Interessant ist beispielsweise die Entwicklung des für die Wismarer Wirtschaft bedeutenden Brauwesens. So lassen sich für das Ende des 15. Jahrhunderts 180 Brauhäuser nachweisen, deren Zahl um 1600 auf 120, 1680 auf 100 gesunken war. Mit Hilfe der Ratsakten sowie hunderter Prozessakten allein mit Beteiligung der Brauerkompanie, die im Archiv der Hansestadt Wismar überliefert sind, lässt sich die rein quantitative Aussage des Grundbuches qualitativ untersetzen. Die Gründe für den Niedergang des Brauwesens werden sichtbar, wenn man zum einen um die Überregulierung durch Brauerkompanie und Rat weiß, die Innovationen jahrzehntelang weitgehend verhinderte, und zum anderen das Wegbrechen des Mecklenburger Marktes für Wismarer Bier durch die Schwedenherrschaft über die Stadt und ihre Umgebung in Rechnung stellt. Wie im genannten Fall ergeben sich für die Stadtgeschichtsforschung zahlreiche weitere Möglichkeiten zur Anknüpfung an und Auswertung dieser beispielgebenden Edition. Interessant ist das Werk nicht nur für die Wismarer oder mecklenburgische Geschichte, die teilweise jahrhundertealten Beziehungen zu Braunschweig (8 Einträge), Hamburg (27), Lübeck (26) oder Stockholm (4) werden sichtbar und erweitern das Feld der Interessenten für diese empfehlenswerte Veröffentlichung.
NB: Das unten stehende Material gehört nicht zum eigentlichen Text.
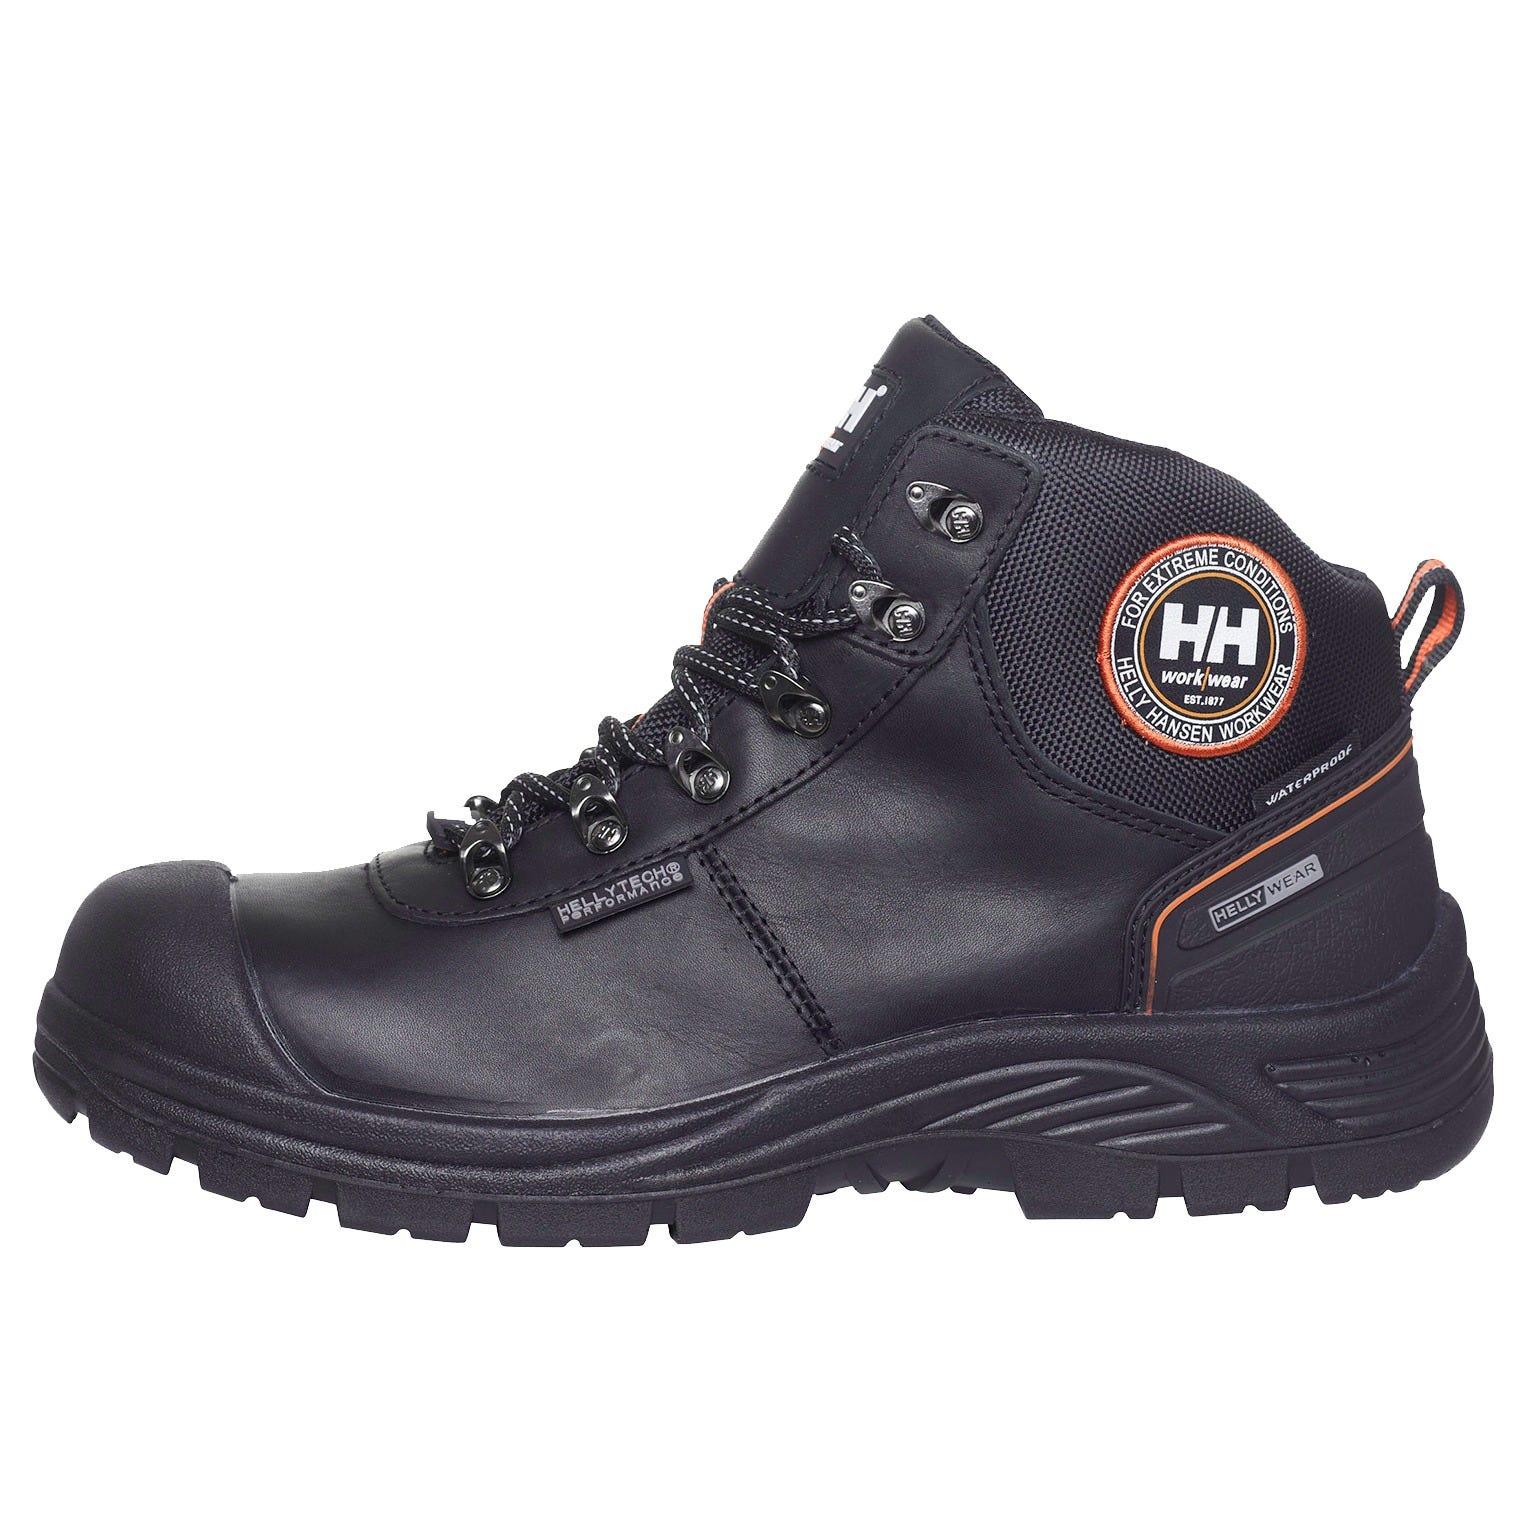 HH Workwear Workwear Helly Hansen Scarpa Mid Antinfortunistica Chelsea Certificata S3 Impermeabile Con Punta In Materiale Composito 43 Nero

Wismar ist mit dieser Edition von der Zugänglichkeit der Quellen her nun in eine Reihe zu stellen mit Anklam, Bozen, Bergedorf, Greifswald, Limburg, Preßburg (Bratislava), Regensburg, Rietberg, Salzwedel, Stralsund, Stuttgart, Sulza oder Weimar, die alle über neuere Stadtbucheditionen verfügen. Die Veröffentlichung Münchs rangiert qualitativ dabei durchaus auf den vorderen Rängen.
Anmerkungen:
[1] Ernst Münch (Hg.): Das Rostocker Grundregister (1600-1820) (= Veröffentlichungen der Historischen Kommission für Mecklenburg, Reihe C: Quellen zur mecklenburgischen Geschichte; Bd. 2/1-2/III), Rostock 1998-1999.
[2] Friedrich Techen (Hg.): Das älteste Wismarer Stadtbuch von etwa 1250 bis 1272, Wismar 1912.
[3] Lotte Knabe (Hg.): Das zweite Wismarer Stadtbuch 1272-1297 (= Quellen und Darstellungen zur hansischen Geschichte, Neue Folge; Bd. 14), Weimar 1966.